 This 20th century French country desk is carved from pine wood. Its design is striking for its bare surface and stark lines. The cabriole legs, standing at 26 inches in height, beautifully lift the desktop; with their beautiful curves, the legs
--
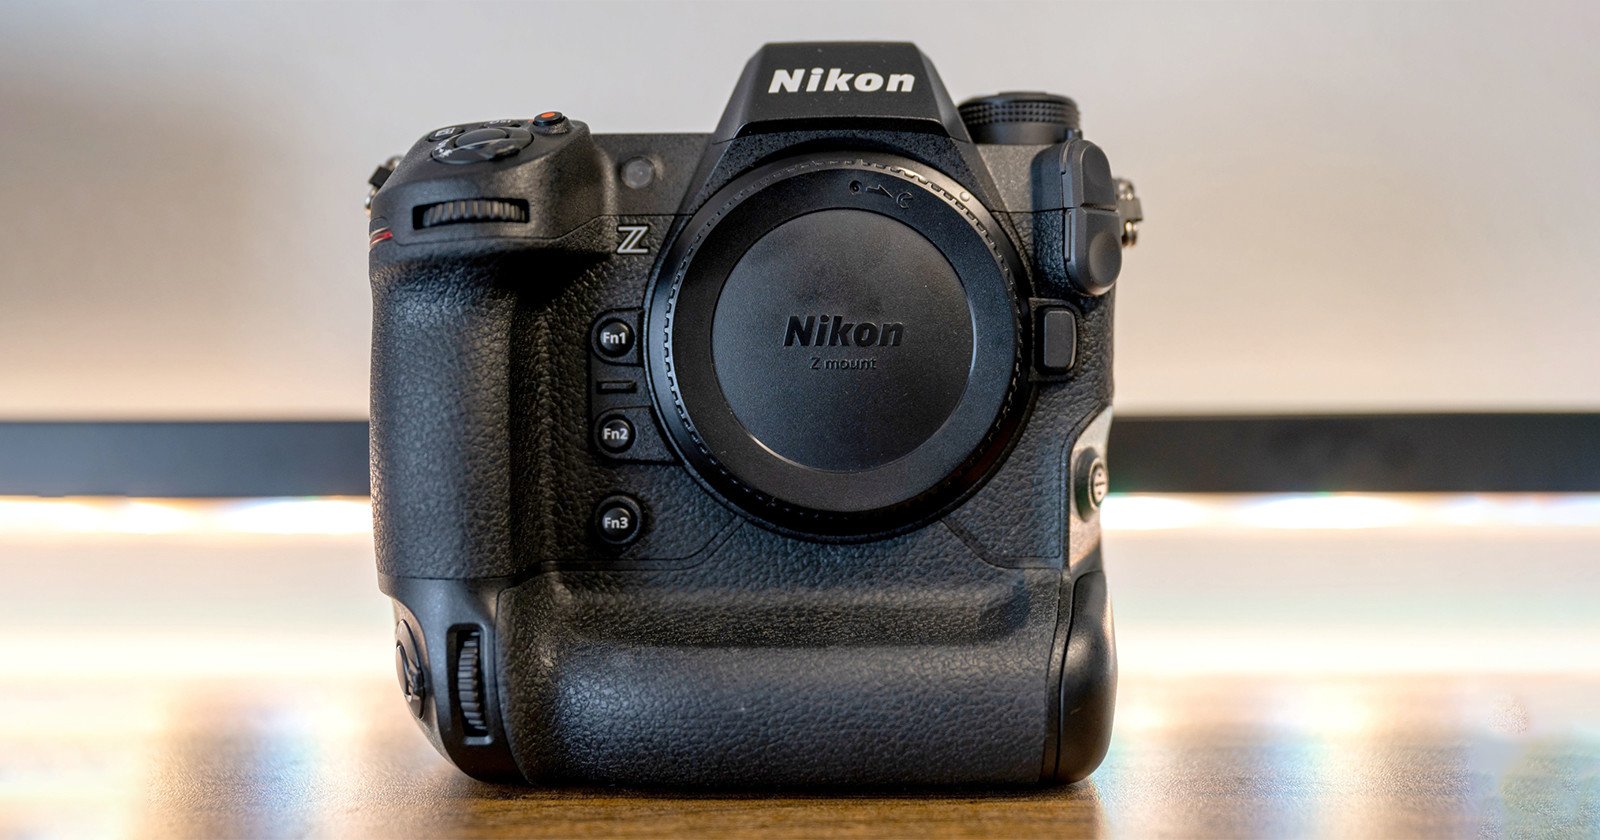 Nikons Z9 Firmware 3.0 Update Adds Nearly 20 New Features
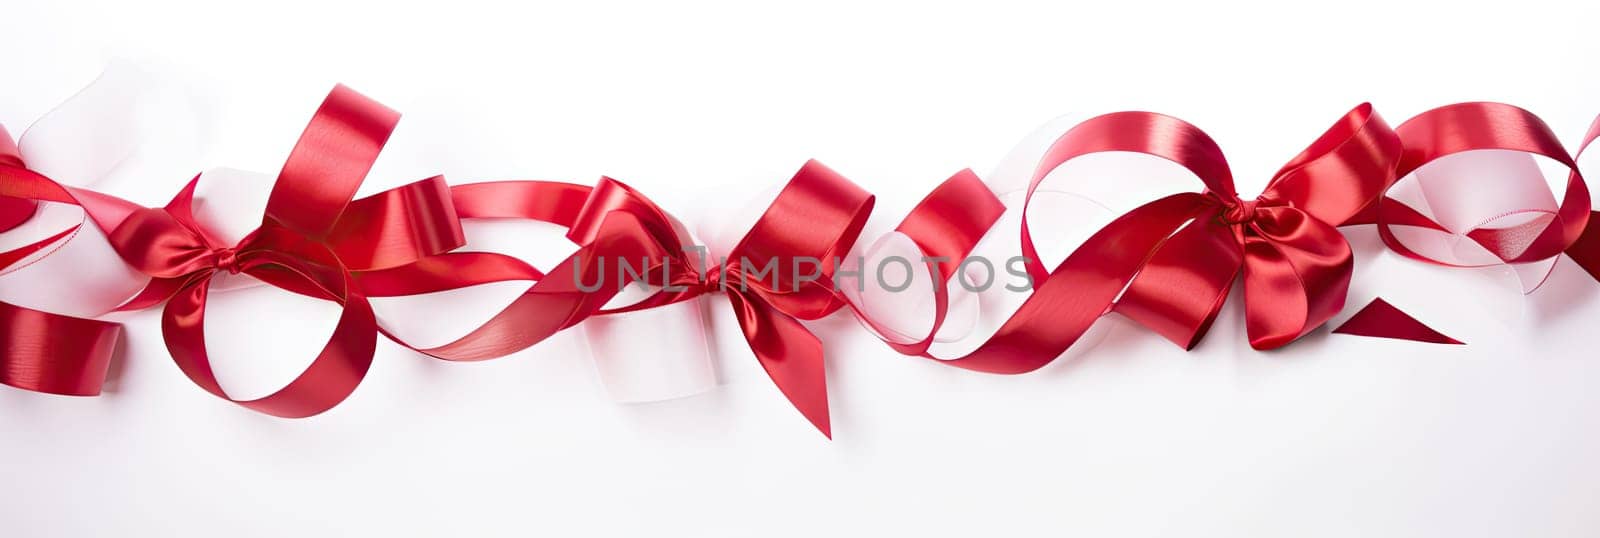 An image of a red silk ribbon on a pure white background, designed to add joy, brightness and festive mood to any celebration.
* * *
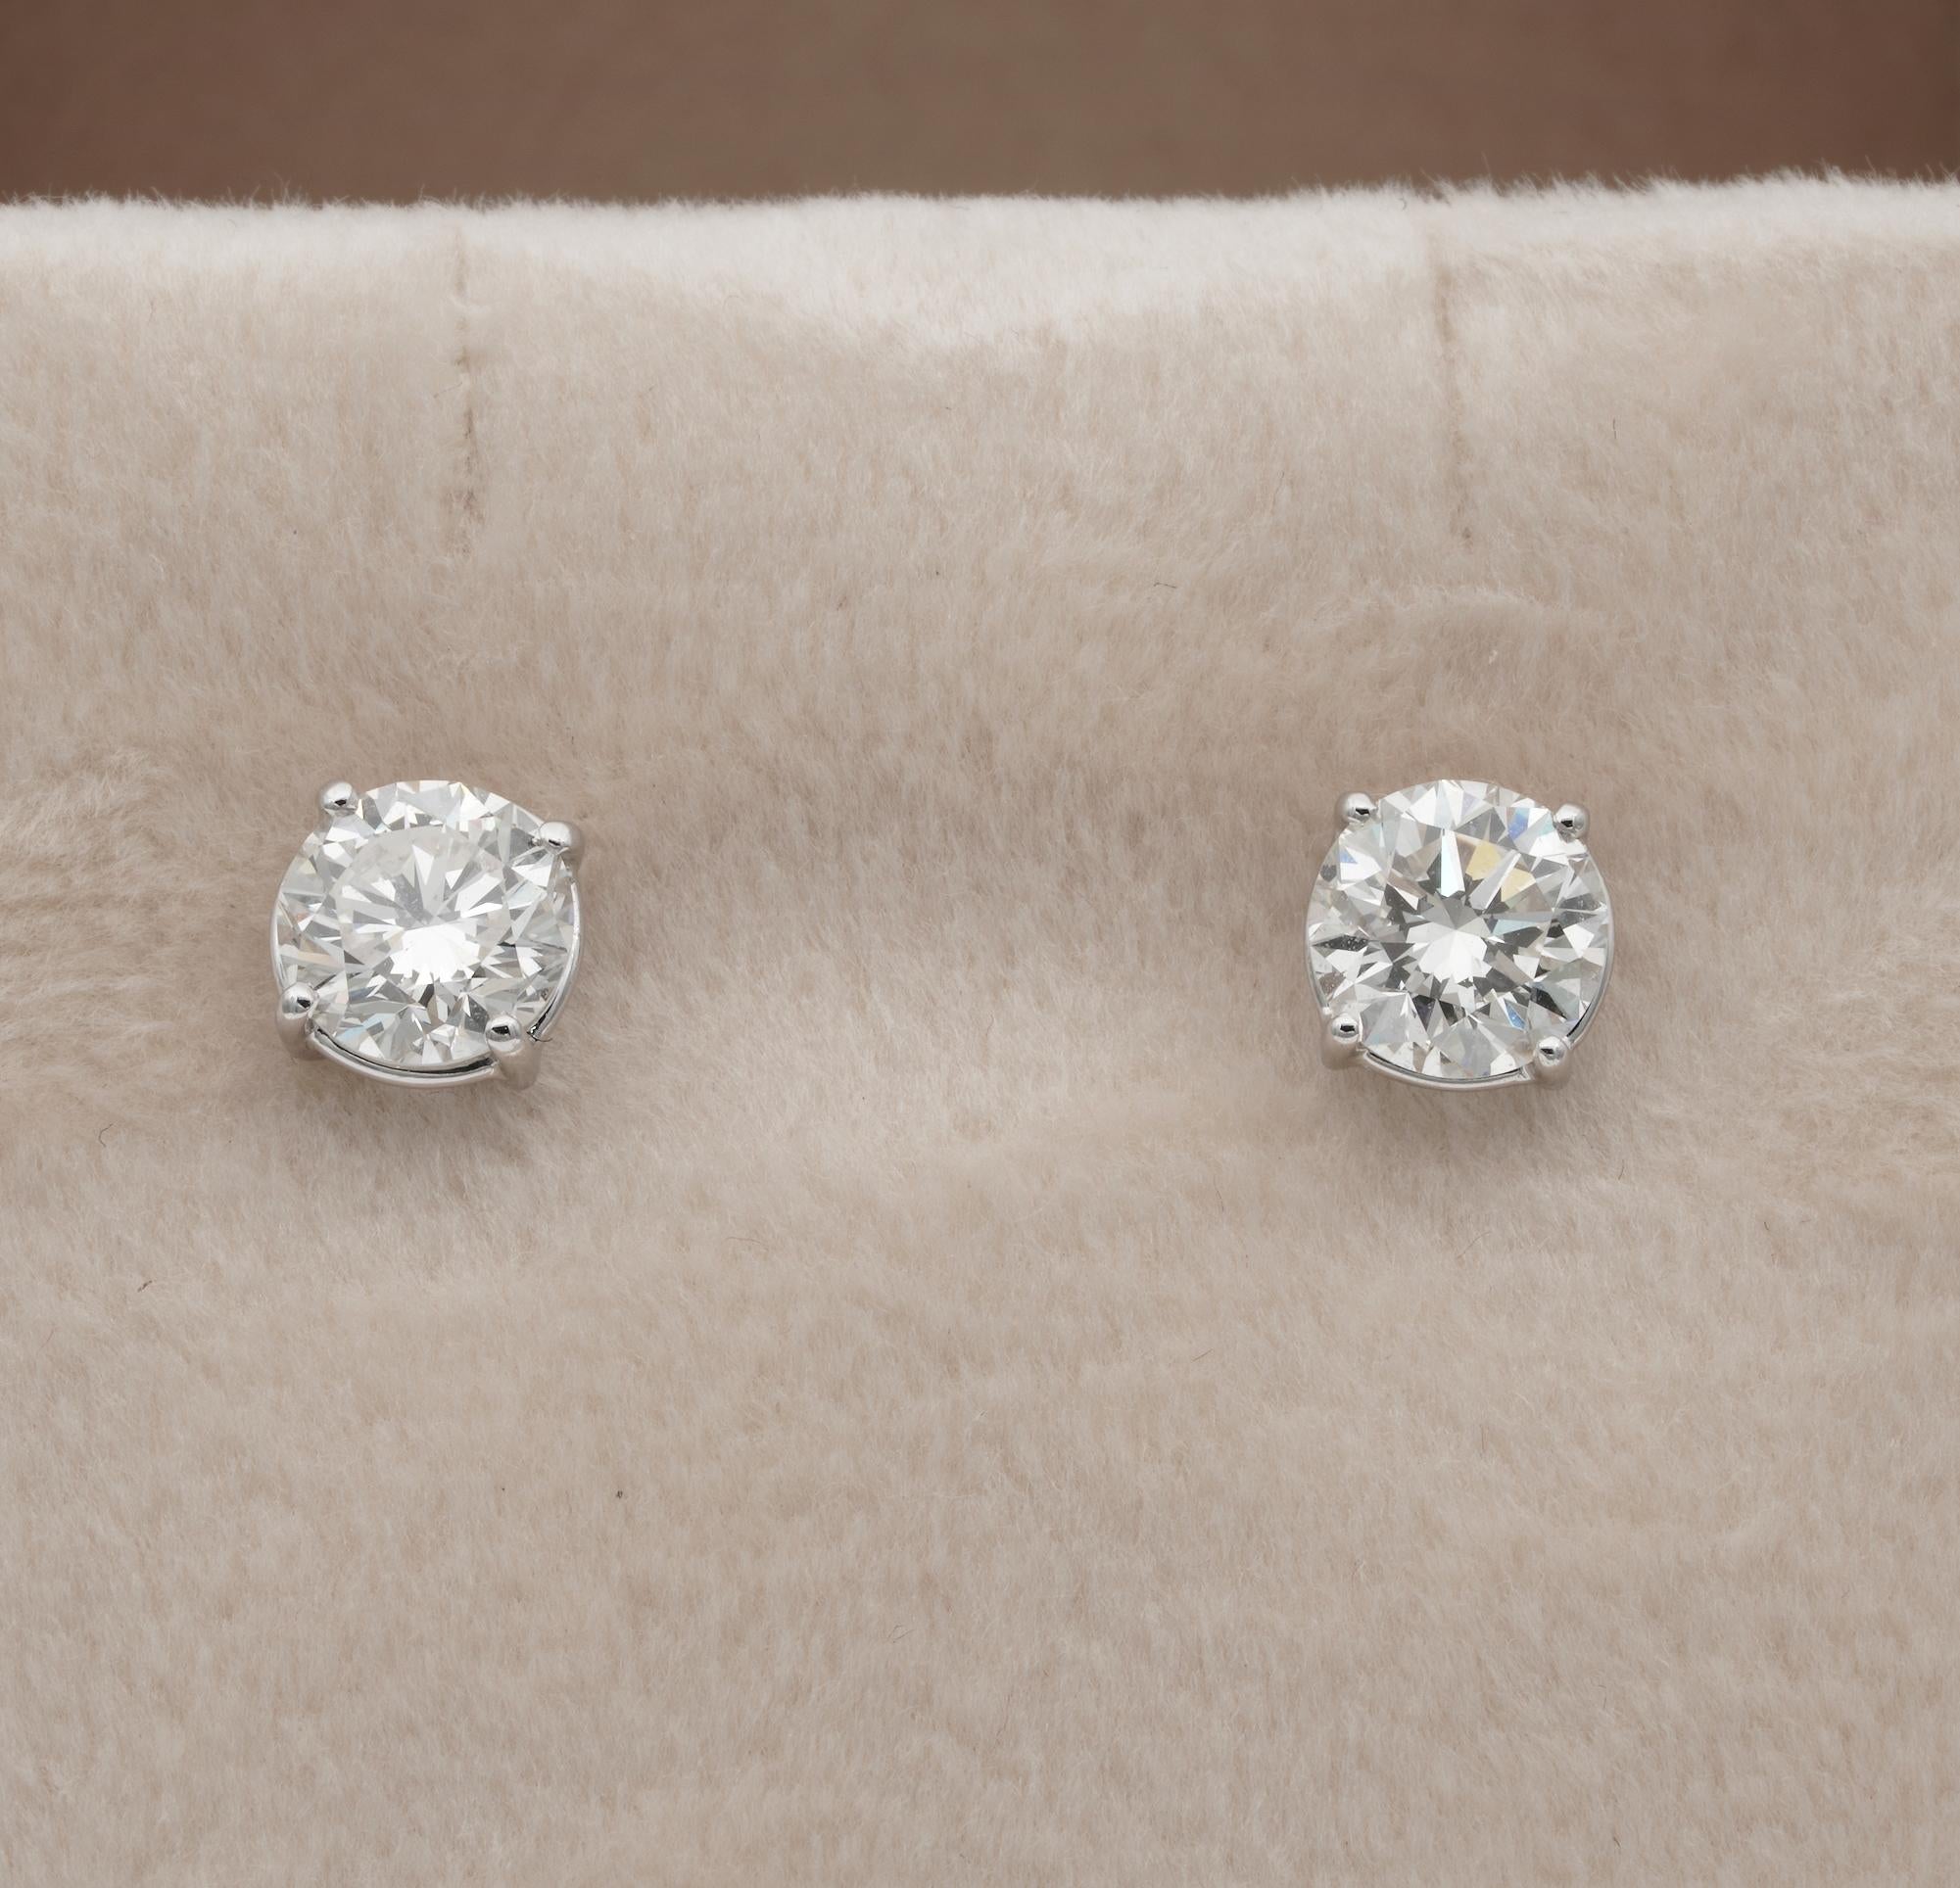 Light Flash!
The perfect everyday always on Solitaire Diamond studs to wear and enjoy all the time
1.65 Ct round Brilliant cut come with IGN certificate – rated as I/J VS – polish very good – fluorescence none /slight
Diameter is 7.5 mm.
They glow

■ Description of the task: The required output is a copy of each line in the records where the string "with" occurs.

■ Output of the task:
 This 20th century French country desk is carved from pine wood. Its design is striking for its bare surface and stark lines. The cabriole legs, standing at 26 inches in height, beautifully lift the desktop; with their beautiful curves, the legs
1.65 Ct round Brilliant cut come with IGN certificate – rated as I/J VS – polish very good – fluorescence none /slight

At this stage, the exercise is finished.